Relation between visual acuity after proton therapy and dose parameters by tumour localisation. Each horizontal row in the heat map represents an eye. The total number included eyes in this analysis is 103. Data is clustered on visual acuity during follow-up by tumour localisation. The four non-clustering annotations bars at the right side of the heat map display the values for each eye for enucleations in the first 5 years and three dose parameters.
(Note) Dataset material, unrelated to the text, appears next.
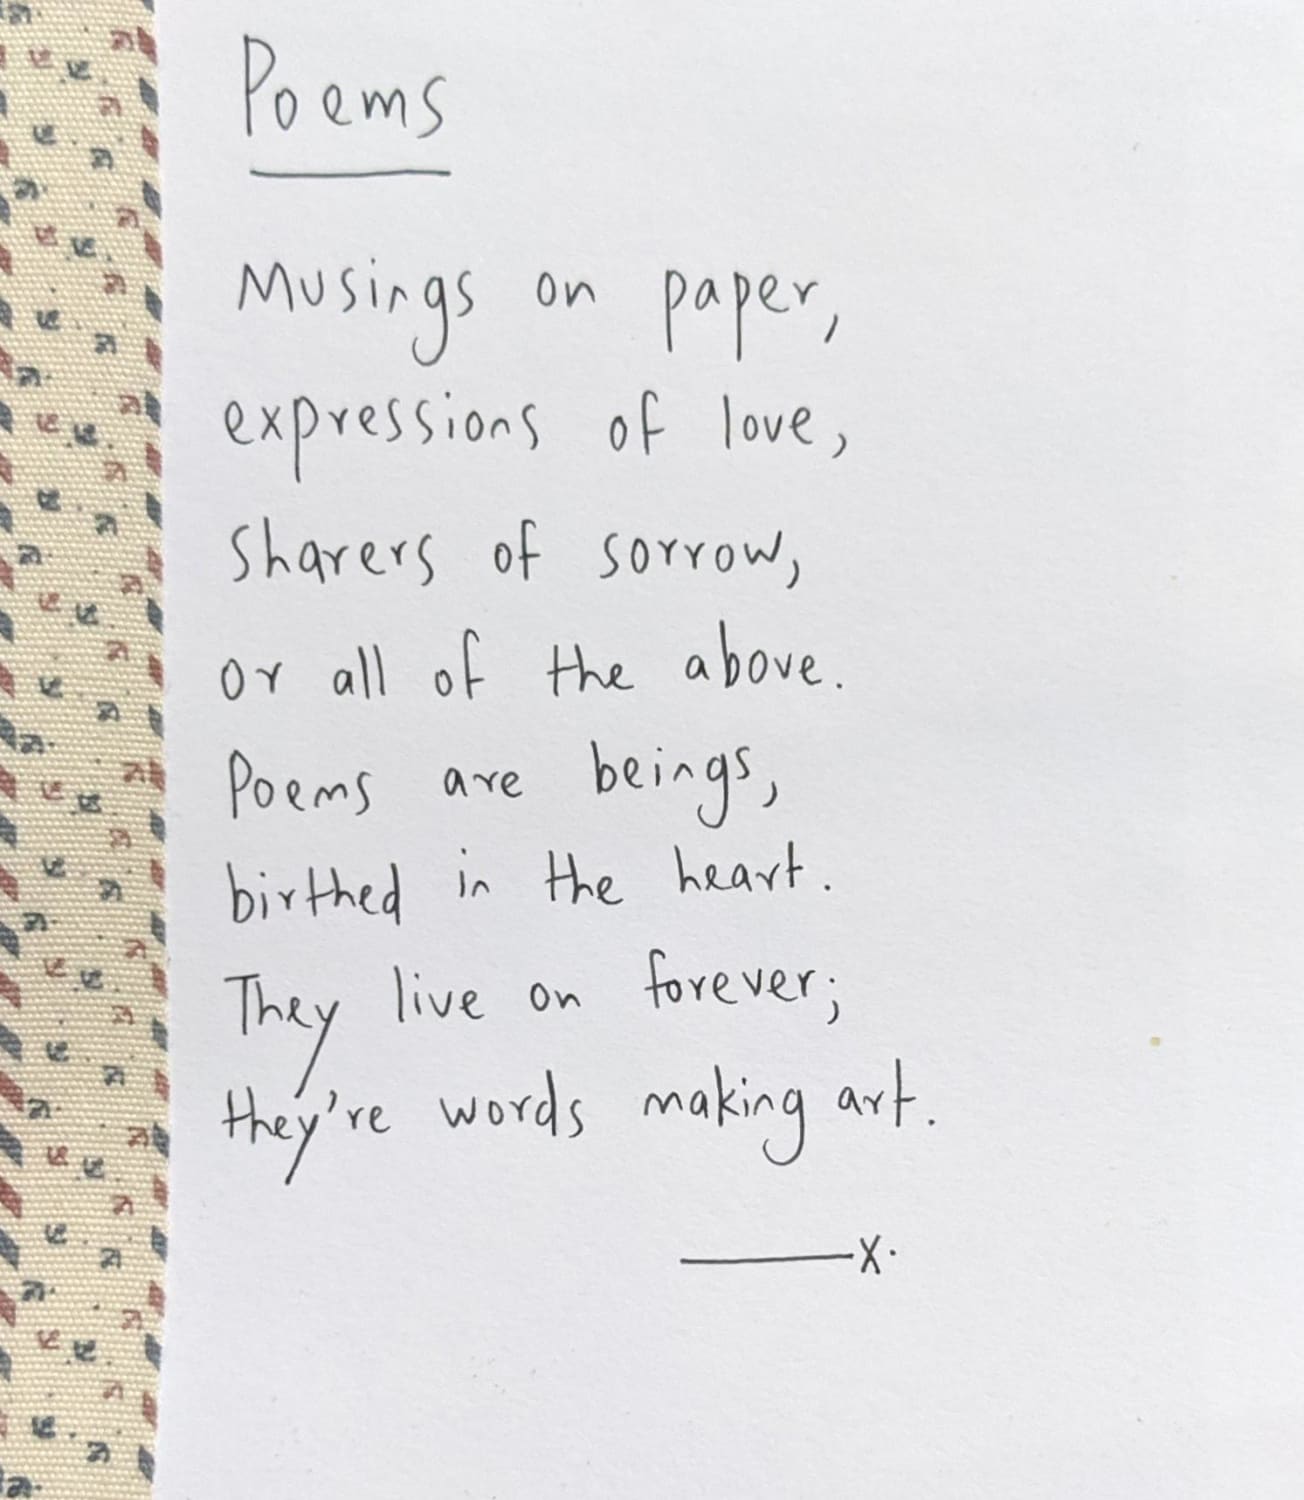 A poem on poems, in my writing

This graph gives on overview of the pattern of decline in visual acuity across follow-up in the cohort and shows the relation between visual impairment and relevant clinical and radiotherapeutic factors at the individual level.
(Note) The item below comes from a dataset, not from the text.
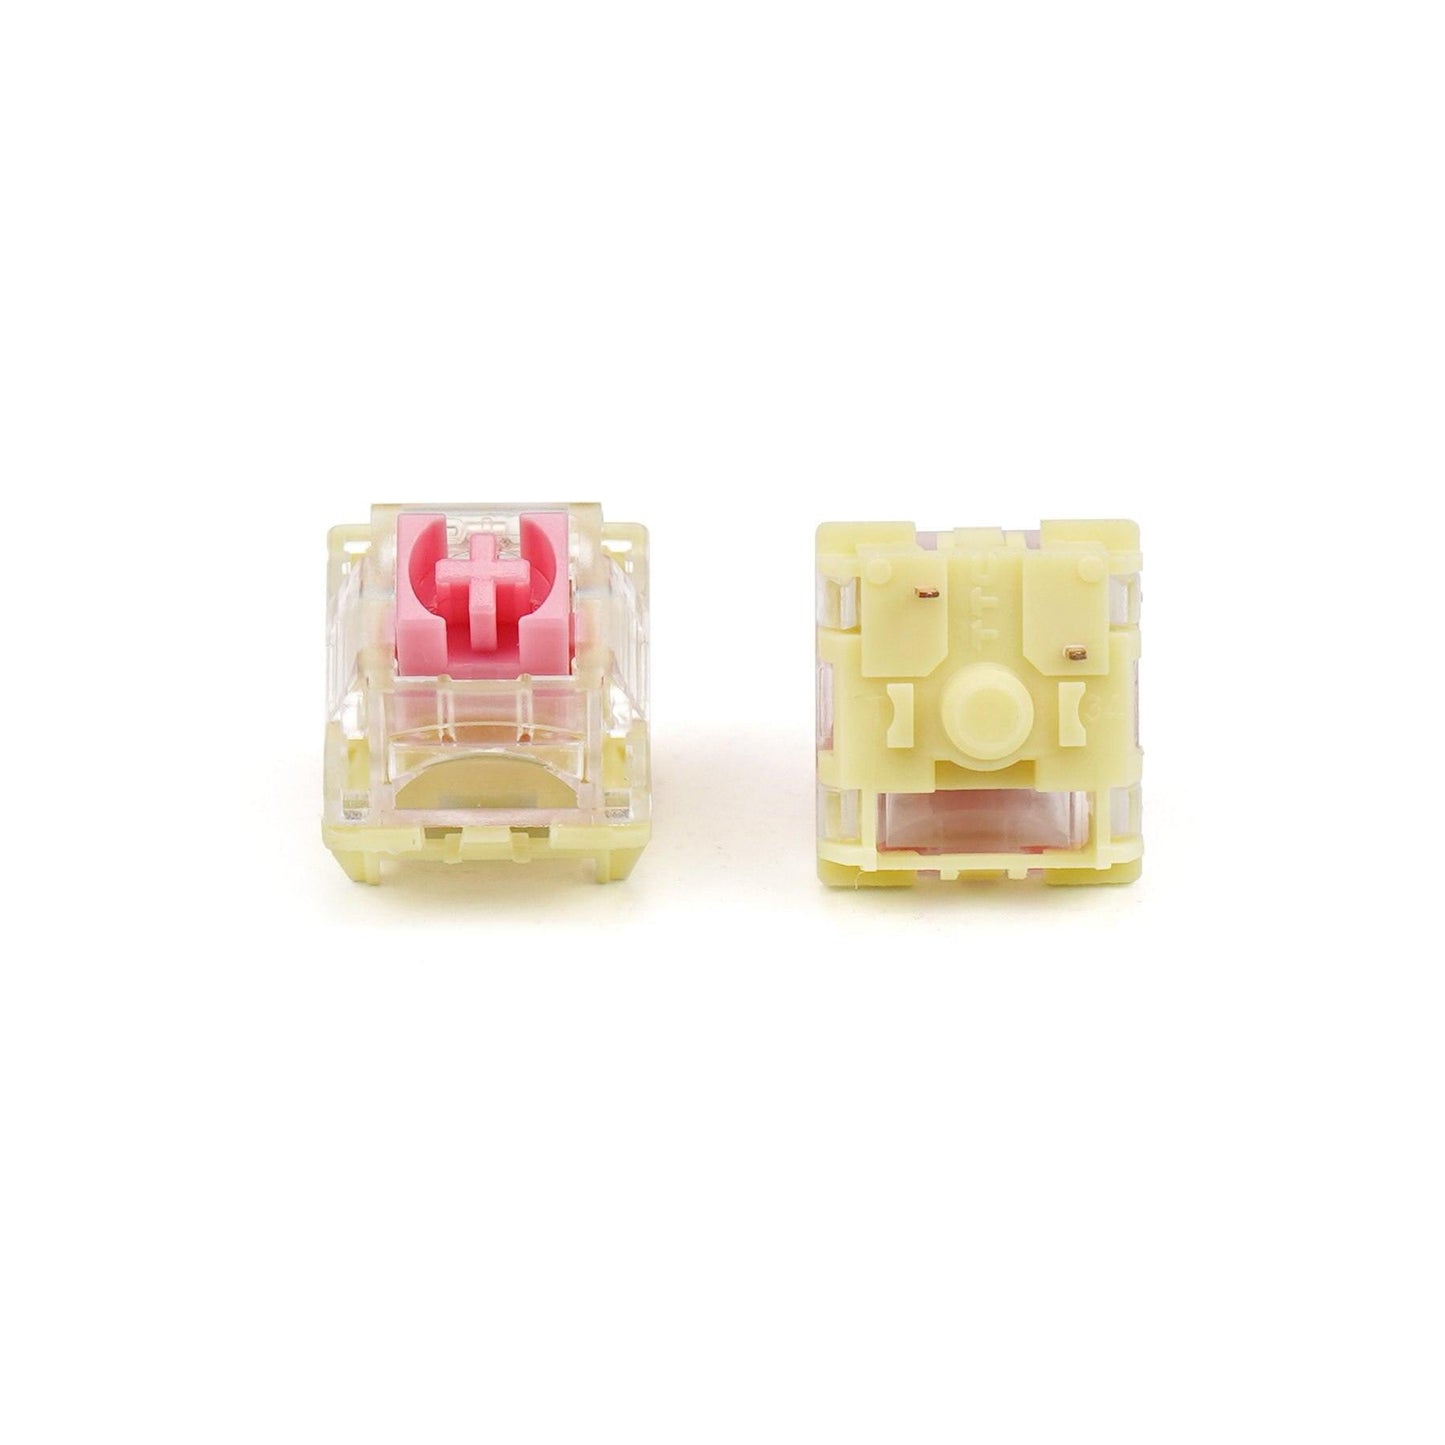 TTC GOLD PINK LINEAR SWITCHES - THE KEYCAP CLUB

Risk factors for loss of visual acuity identified by us and others include tumour size [13,20,21,40,41,42], pre-treatment visual acuity [13,15,21,31,40,42] and retinal detachment [15,40], a more central tumour localisation [15,20,23,39,40,43] and dose to the macula [15,21,23,40,42], retina [42] and optic disc [40,42]. Based on our and the aforementioned studies, dose to the macula/fovea seems to have a stronger association with loss of visual acuity than dose to the optic disc/nerve. This hypothesis is supported by a number of studies that showed that high doses to the optic disc and nerve do not necessarily result in loss of vision or radiation optic neuropathy [23,42,43]. However, this finding could also be explained by discrepancies between planned and delivered dose due to the current planning technique that relies on a standard model of the eye and derivatives for tumour localisation. Current proton therapy planning strategies often prioritise sparing of the optic disc and nerve over sparing of the macula. It is complicated to isolate the impact of dose parameters of eye structures that are in proximity, and it is therefore hard to determine whether the current planning strategy is suboptimal or not. Encouraging developments in the field of magnetic resonance imaging of the eye may enable more precise proton therapy planning in the near future [44,45,46].

4.4. Limitations

Selection bias and registration bias are inherent to the retrospective design of this study, which may have led to an underestimation of the incidence of the events reported in this study. We expect this to be minimal because we cross-checked oncological outcomes and survival in the National Dutch Cancer Registry. The interpretation of the comparisons between our cohort other cohorts should be done with caution. The patient selection is different in each study, even if Dutch and Swiss patients treated in Switzerland would be compared [18,23,25,47].

4.5. Implications

Proton therapy is increasingly available for the treatment of uveal melanomas and is a valuable alternative for enucleation. Proton therapy offers good local tumour control, eye preservation and for some patients, even visual acuity preservation, which is important for functioning and quality of life [48]. Future studies should aim to further improve visual outcomes and reduce side effects. The integration of high-resolution imaging in proton therapy treatment planning will be a key step in this journey [45]. This and other studies showed that distant metastasis are common and impair overall survival. Unfortunately, there are currently no systemic therapies that are recommended in uveal melanoma [49]. Several clinical trials in the adjuvant and metastatic setting are ongoing and will hopefully change this in the near future [50].

5. Conclusions

International referral of uveal melanoma patients for proton therapy is feasible and yielded good local control and eye preservation. However, risk of distant metastasis and severe visual impairment were substantial, which may be explained by our referral criteria based on large tumour size and central tumour localisation. These results may help physicians and patients to decide whether proton therapy at distant centres is worthwhile. Our analyses indicate that sparing of the macula may be more important for prevention of severe visual impairment than sparing of the optic disc and nerve, which is relevant for the further development of proton therapy treatment planning.